In the original (Church et al.
2004; Church and White 2006) reconstructions, the EOFs were defined with the 9 and 12 years (respectively) of TOPEX/Poseidon and Jason-1 satellite altimeter data available at those times. There are now 17 years of monthly satellite altimeter data available, almost twice as long as the original series. This longer time series should be able to better represent the variability and result in an improved reconstruction of global average sea level, as found by Christiansen et al. (2010). After removing the global average trend and the seasonal (annual plus semi-annual) signal, the first four EOFs account for 29, 8, 5 and 4% of the variance (Fig. 2). If the seasonal signal is not removed, the first four EOFs account for 24, 18, 14 and 4% of the variance. These EOFs characterise the large-scale interannual variability, particularly that associated with the El Niño-Southern Oscillation phenomenon, and for the case where the seasonal signal has not been removed, also include the seasonal north/south oscillation of sea level.
Sensitivity of the Results
To complete the reconstruction, we need to specify two parameters: the instrumental error covariance matrix R and the relative weighting of the “constant” mode to the EOFs. Church and White (2006) used the first differences between sets of nearby sea-level records to compute an average error estimate of the first differences of 50 mm and assumed errors were independent of and between locations (i.e. the error covariance matrix was diagonal). When the seasonal signal was removed, tests indicated the residual variance increased when a smaller error estimate was used but was not sensitive to the selection of larger values. Similarly, the residual variance increased when the weighting of the “constant” mode was less than 1.5 times the first EOF but was not sensitive to larger values. The computed trends for the 1880–2009 increased slightly (0.06 mm year−1 or about 4%) when the relative weighting was increased by 33% from 1.5 to 2.0 or the error estimate was decreased by 40% to 30 mm. Prior to 1880 when there were less than 15 locations available and none in the southern hemisphere, there was considerably greater sensitivity to the parameter choice than for the rest of the record and hence we focus on results after 1880. When the seasonal signal was retained in the solution, a larger error estimate of 70 mm was appropriate.
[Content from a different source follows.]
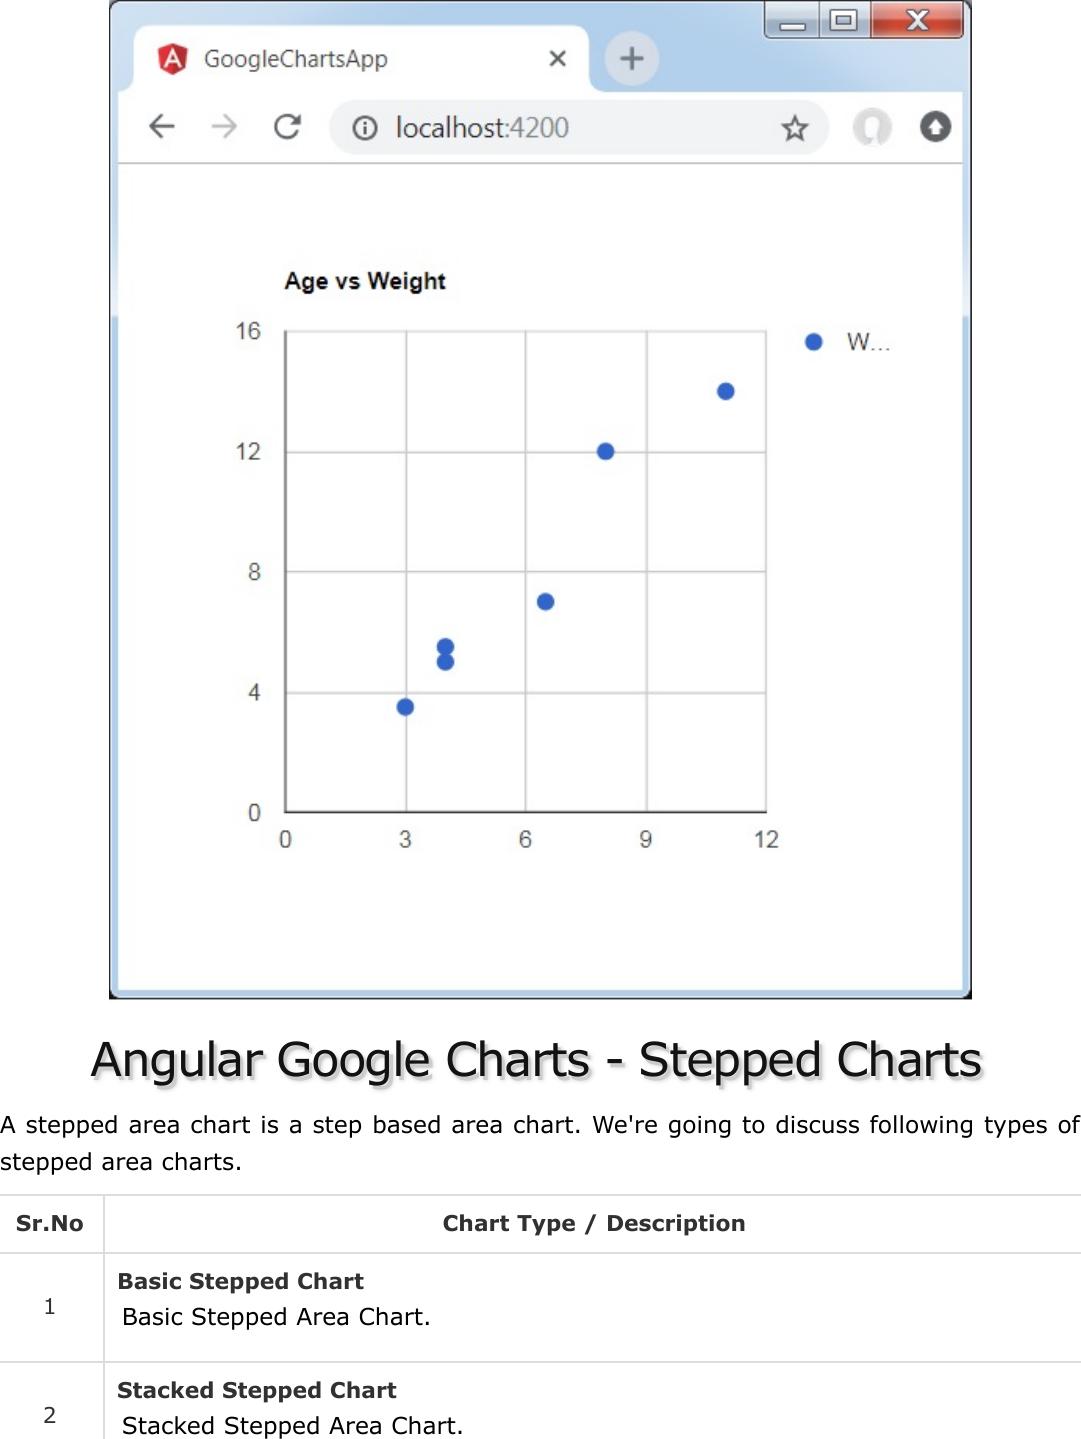 Angular Google Charts Quick Guide

This solution also had a larger residual variance and a slightly greater sensitivity in the trend to the parameter choice and hence we focus on the solution with the seasonal signal removed, as in our earlier studies.
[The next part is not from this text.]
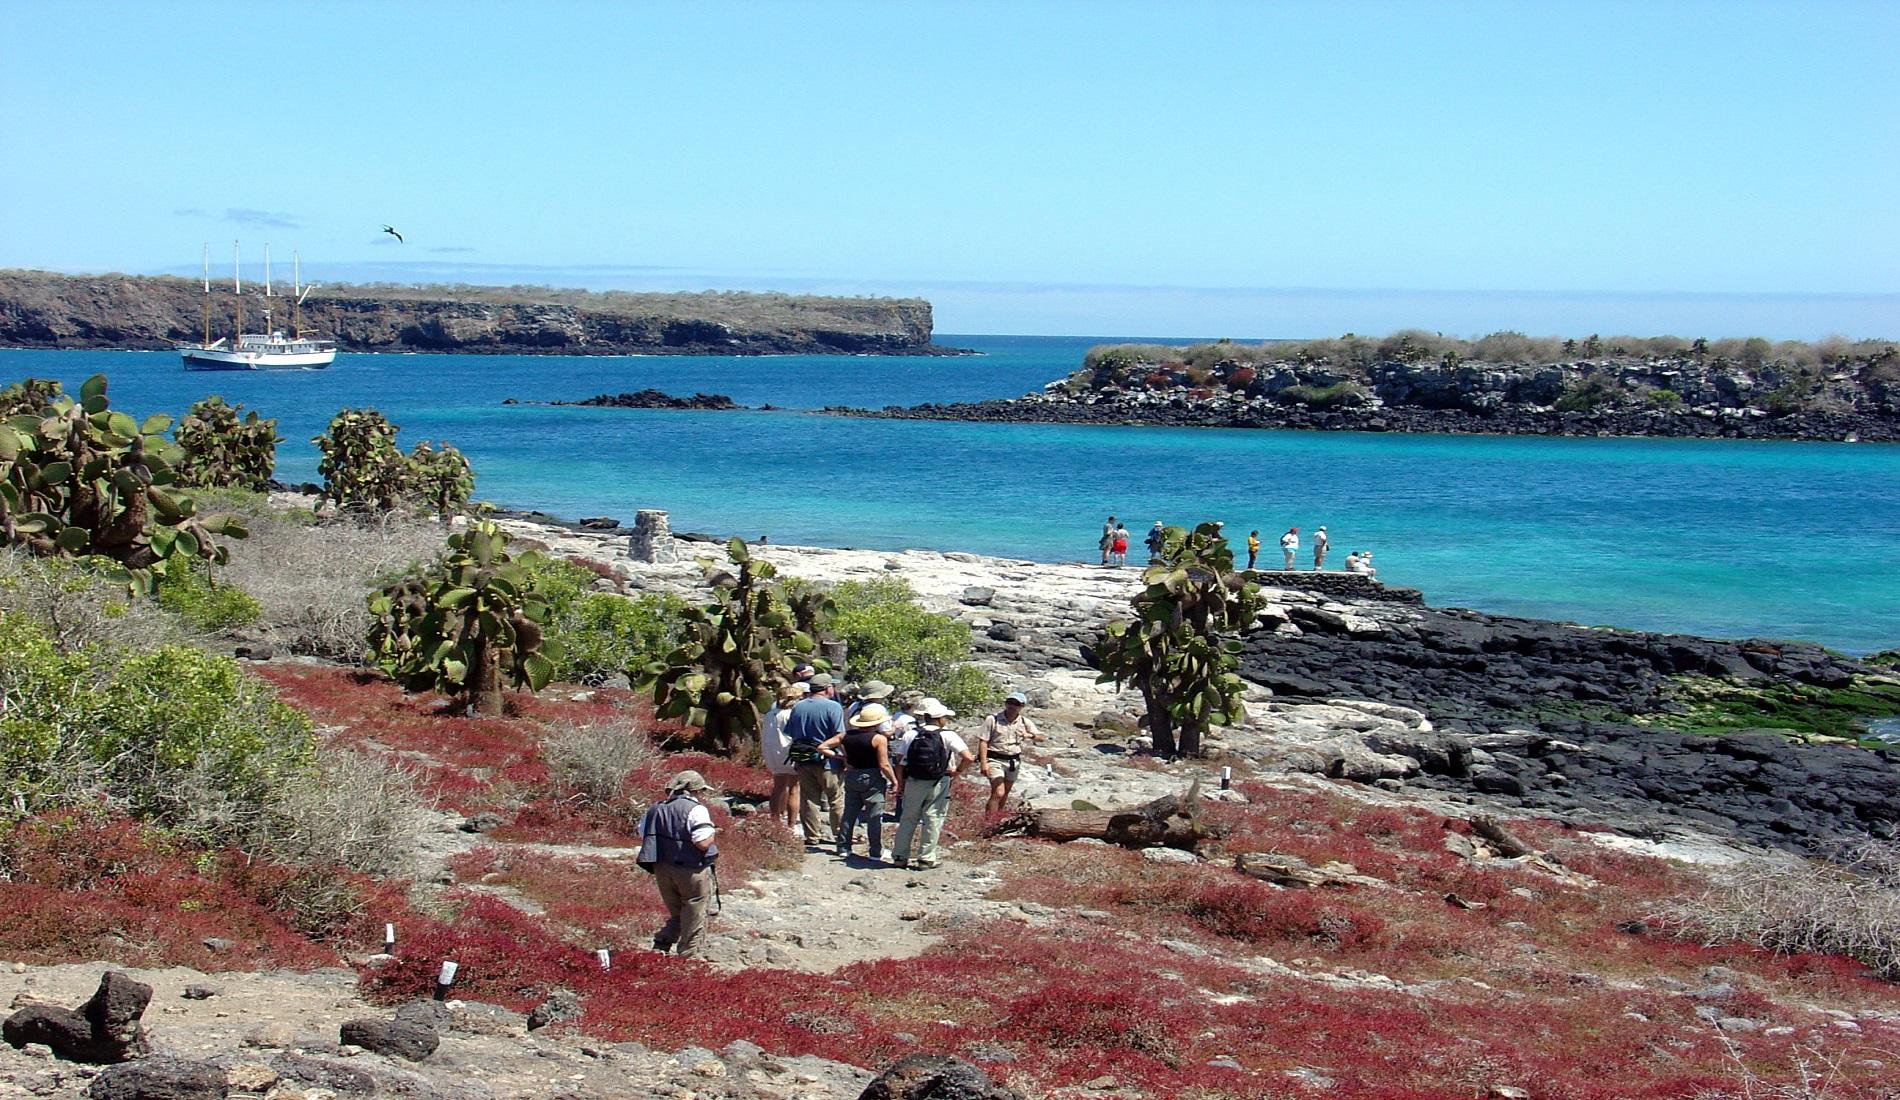 South Plazas Island eilandhoppen galapagos eilanden

As a further test of the effectiveness of the EOFs to represent the interannual variability in GMSL, we computed EOFs using shorter periods of 9 and 12 years, similar to our earlier analyses (Church et al.
2004; Church and White 2006). The resulting estimates are well within the uncertainties.
The atmospheric pressure correction makes essentially no difference to the GMSL time series for the computations with the seasonal signal removed and no difference to the computations including the seasonal signal after about 1940. However, prior to 1940, the correction does make a significant difference to the GMSL calculated with the seasonal signal included. These results suggests some problem with the atmospheric correction prior to 1940 and as a result we decided not to include this correction in the results. This issue seems to be related to the HadSLP2 data set not resolving the annual cycle and, possibly, the spatial patterns well for the Southern Hemisphere south of 30°S for the 1920s and 1930s, presumably because of sparse and changing patterns of input data at this time and in this region. This is being investigated further.